Volunteering with a wildlife conservation group could enable you to see the world and appreciate different cultures, habitats, and of course, animals that you never might have encountered otherwise. If the rugged, immersive, explorative life is to your liking, you might just find yourself halfway into a meaningful career: one that could mean the difference between survival and extinction for many endangered species.
Animal shelters, rescues, and sanctuaries
If you’re not sure where to begin, working in an animal shelter or rescue center might be just the way to get started in an animal-centric career. Most animal shelters and rescue groups accept volunteers with no experience; however, many shelters also need full-time staff, which may require some experience in the field. According to Zippia, common skills for animal shelter workers include physical stamina, problem-solving skills, and perhaps most importantly of all, compassion.

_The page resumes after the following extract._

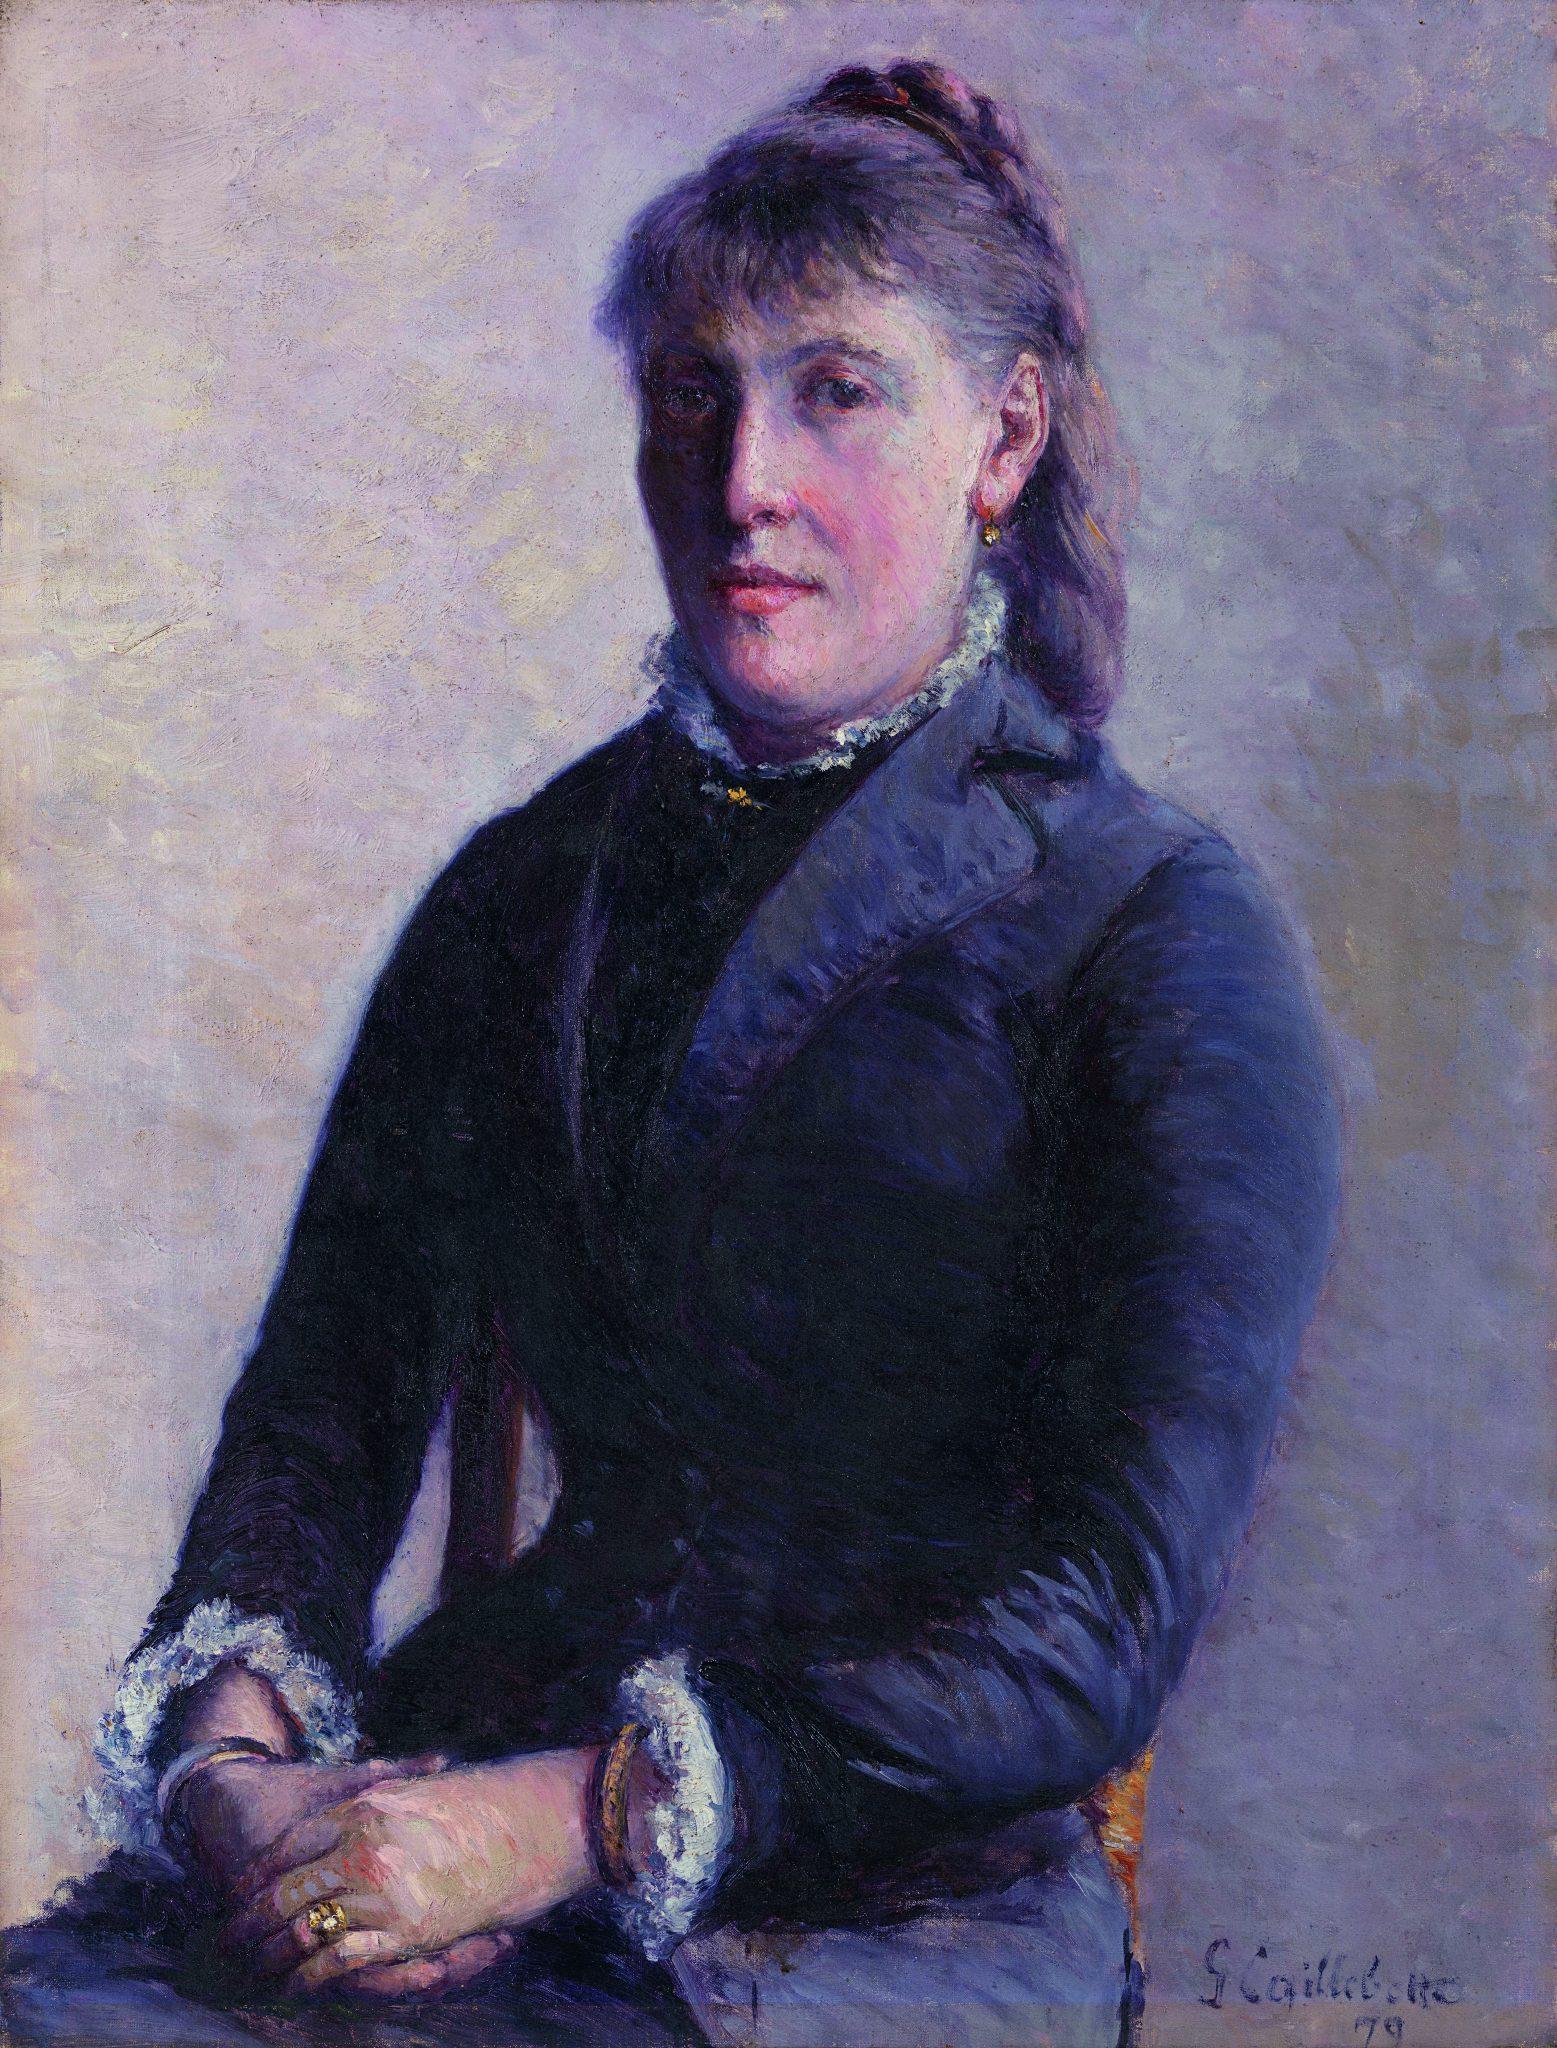 Caillebotte, Gustave ~ Portrait de Madame Anne-Marie Hagen

The same goes for farmed animal sanctuaries, which rescue farmed animals like cows, pigs, chickens, and turkeys, typically from situations where they would have been killed for their meat or secretions. These sanctuaries often depend on donations and volunteers, and they provide a great opportunity to spend time caring for formerly-neglected animals.
If you think about it, compassion is the name of the game in all these different careers. Helping animals, especially those in physical or emotional pain, is one of the most meaningful things one can do.